Token-usage tracking
Every call (single-turn and agent-loop) is appended to a local SQLite database:
- Linux/macOS:
~/.euterpe/mcp_mimo_usage.db - Windows:
%APPDATA%\Euterpe\mcp_mimo_usage.db
Schema:
usage_log(id, timestamp, brief_hash, input_tokens, output_tokens, model, status)
brief_hash is the first 16 hex chars of sha256(brief) — enough to deduplicate without leaking content.
Troubleshooting
| Symptom | Likely cause | Fix |
|-------------------------------------------|-------------------------------|-----------------------------------------------------------|
| MIMO_BASE_URL or MIMO_API_KEY not set | Env vars not exported | Set them in ~/.claude.json env block or shell |
| auth failed, check MIMO_API_KEY | Invalid or expired API key | Regenerate at the MiMo dashboard |
| connection timeout after Ns | Network/endpoint unreachable | Verify MIMO_BASE_URL, raise MIMO_TIMEOUT_SEC |
| rate limited, retry later | Too many requests | Wait; retry-after header is surfaced in the error |
| upstream error: 5xx | MiMo server issue | Retry; check MiMo status |
| prompt too large: ~Nk tokens | Brief + context > ~32k tokens | Trim or split; for big workloads use agent_delegate_to_mimo (it reads files lazily) |
All errors are returned as structured dicts — the server never raises across the MCP boundary.
Design boundaries
What this server does:
- Protocol-layer bridge between Claude Code and MiMo (Anthropic-compatible API).
- Multi-turn agent loop with file/grep/write tools.
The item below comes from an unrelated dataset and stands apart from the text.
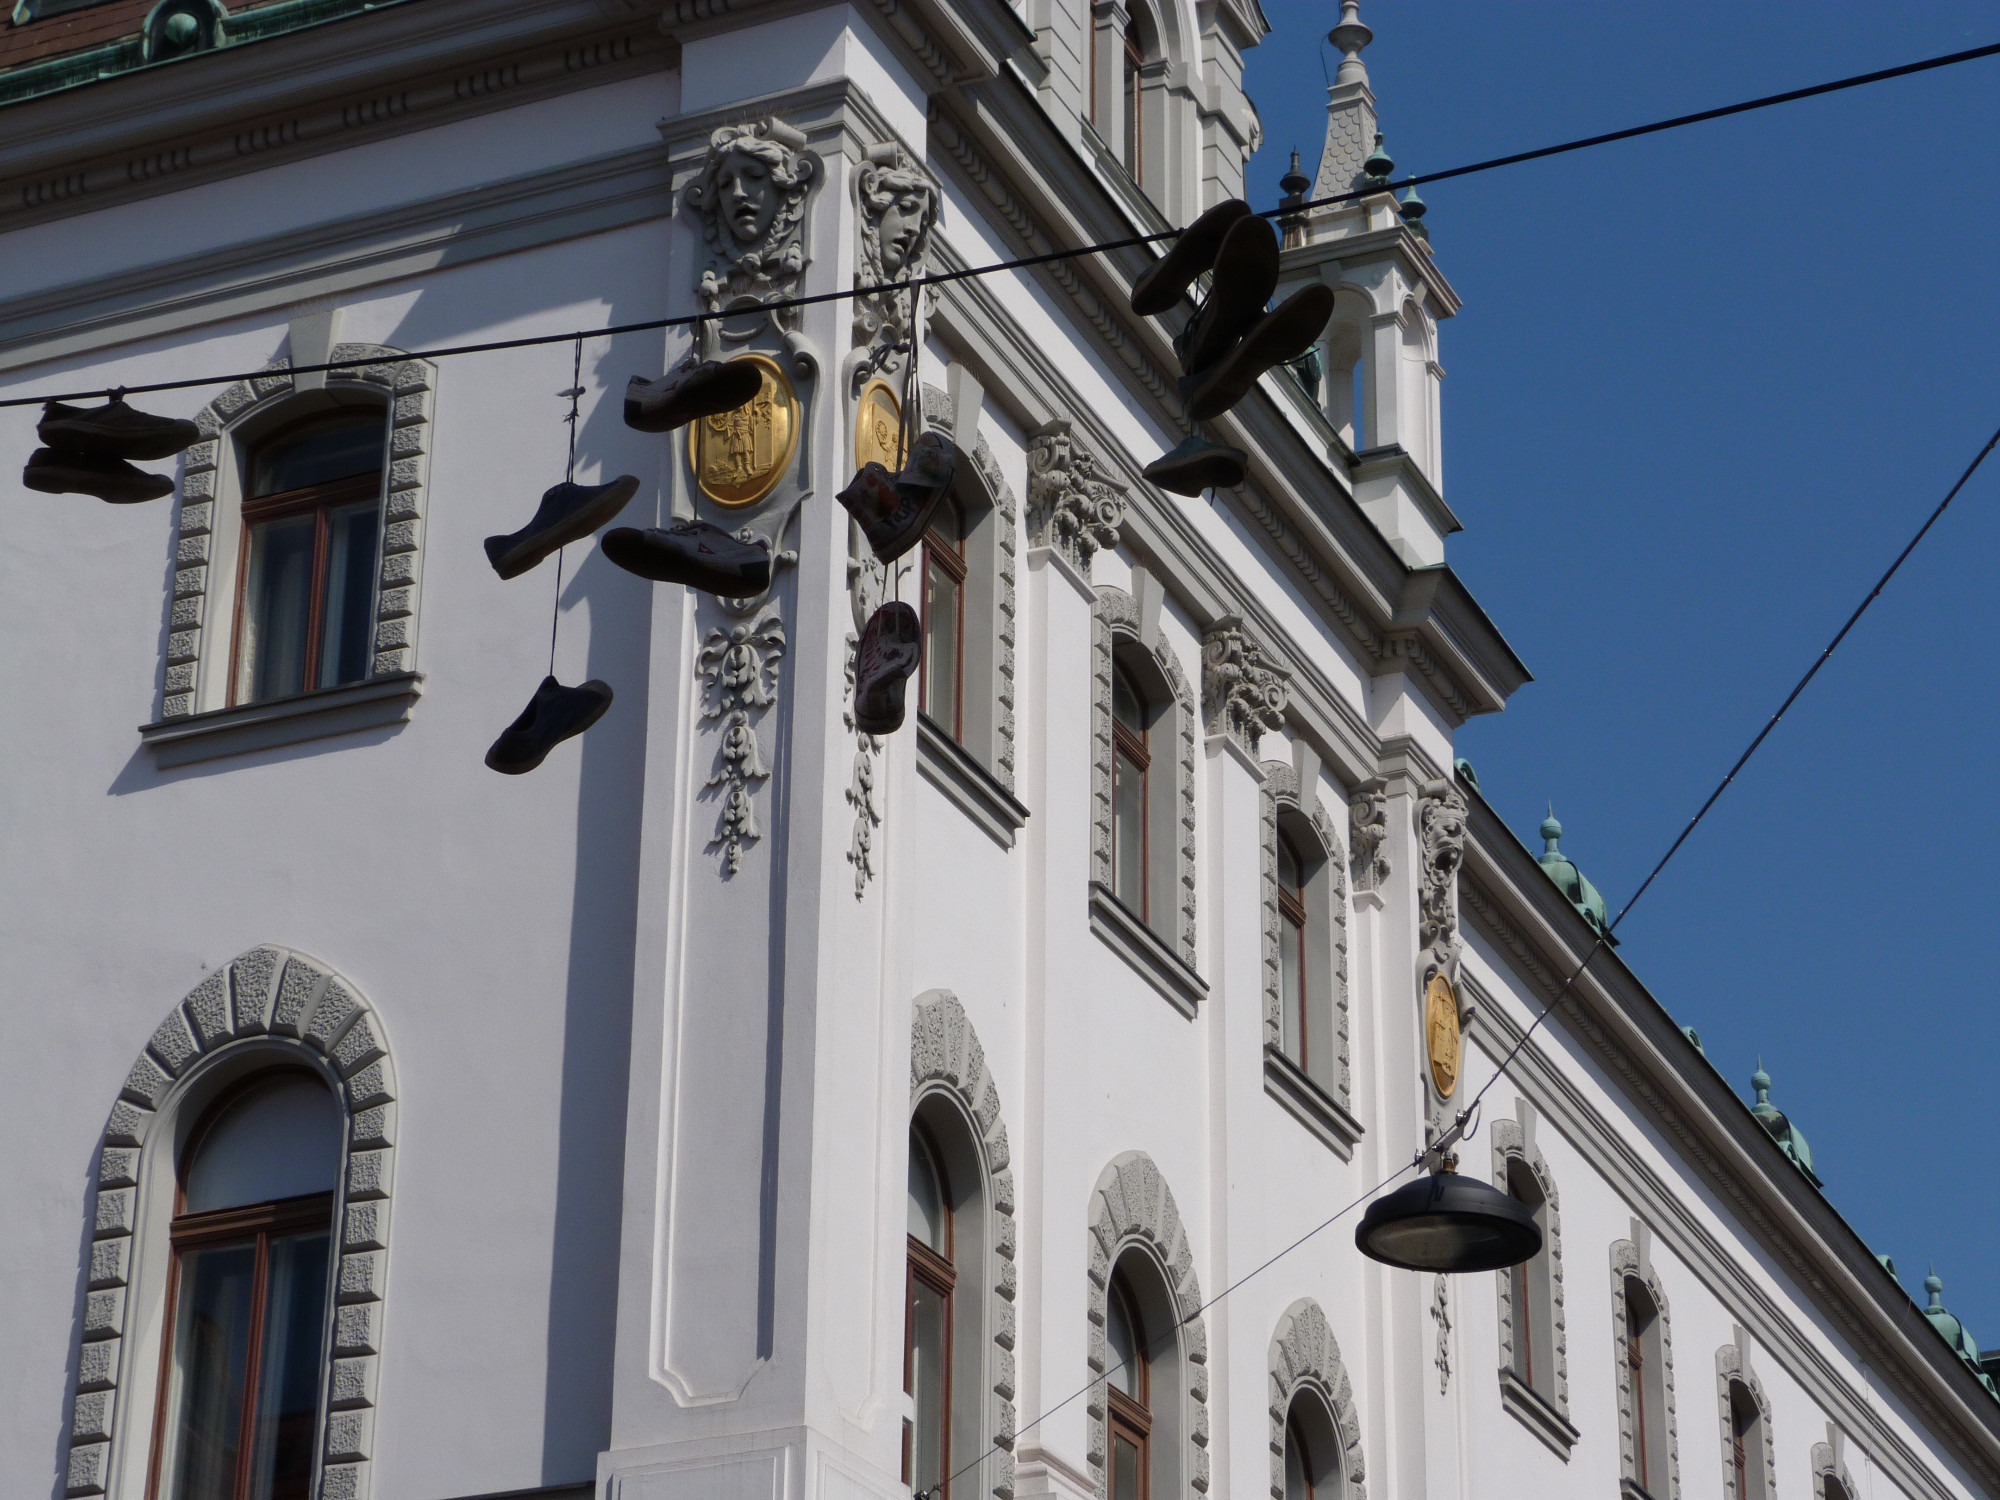 Shoes hanging from telephone wires
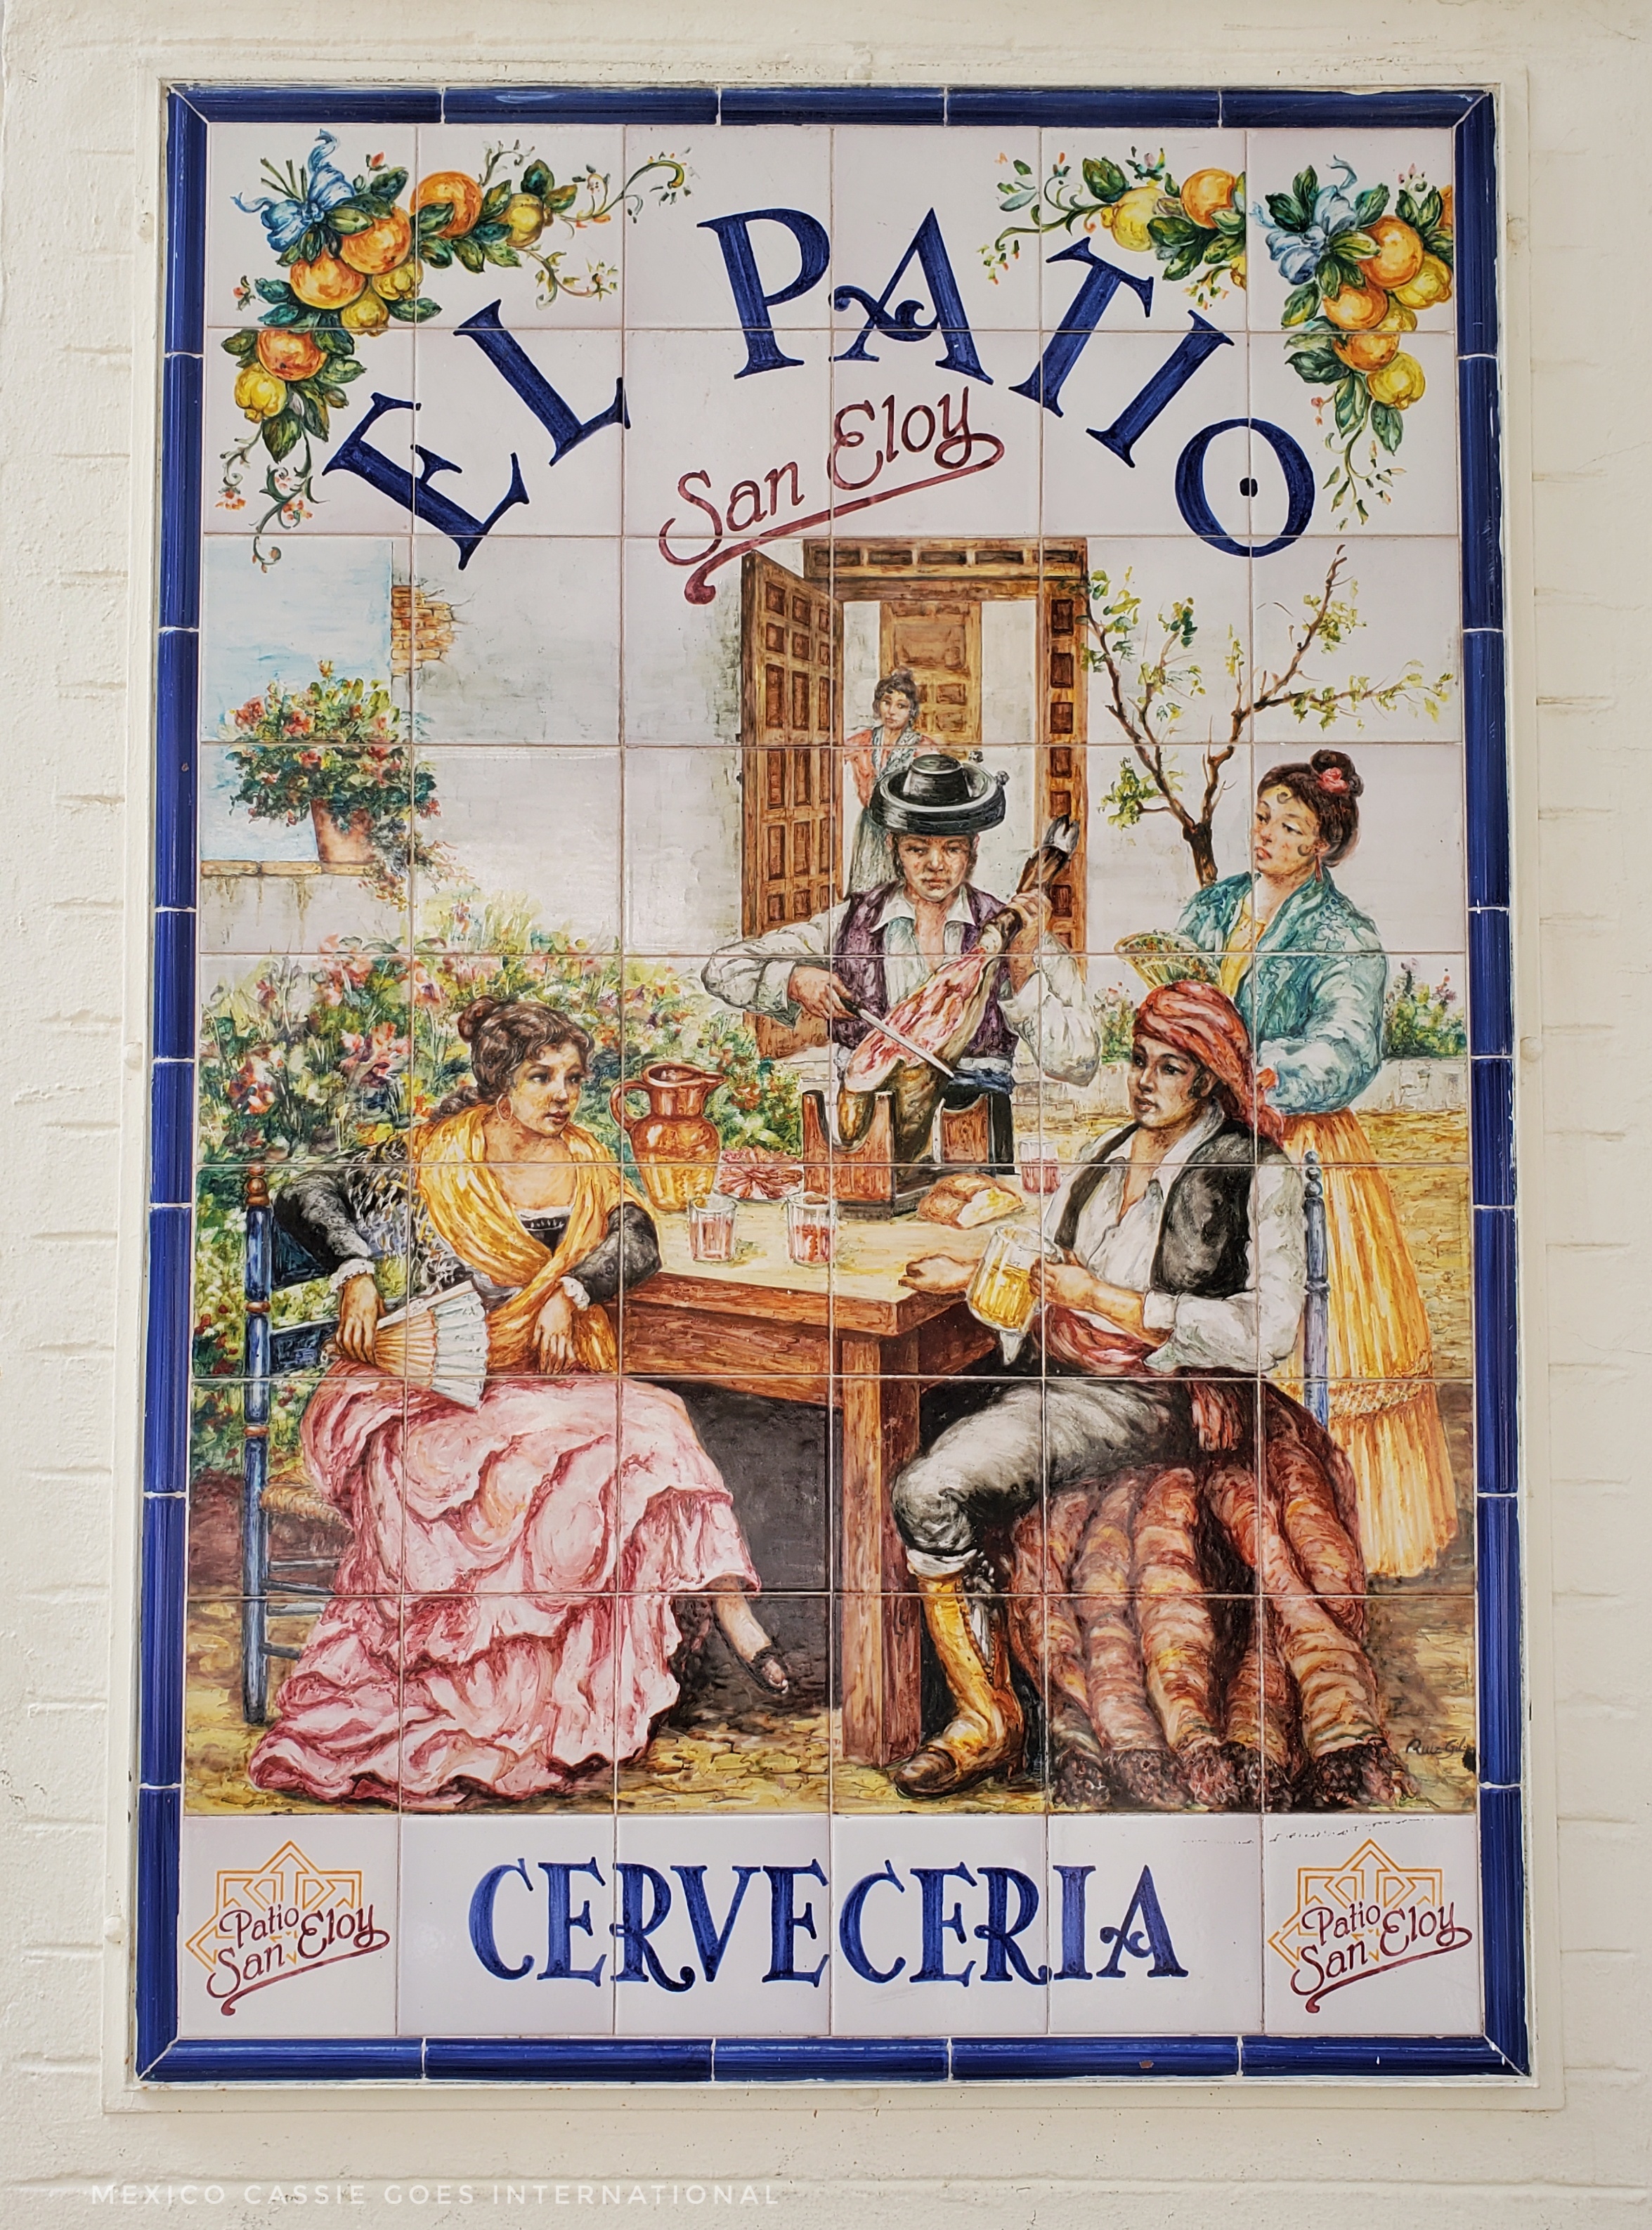 tile wall poster  - writing says, EL Patio and Cerveceria. Picture is of 19thcentury people around a table

- Local token-usage logging.
- Trace dump and auto-backup for every agent-loop call.
What it does not:
- No semantic judgment of MiMo's output (Claude reviews).
- No concurrent dispatch (one task at a time, by design — keeps tracing simple).
- No result caching (every call hits MiMo).
- No prompt-cache optimization.
- No
query_usagetool yet (next version).
License
MIT — see LICENSE if present, otherwise treat the MIT terms as the default.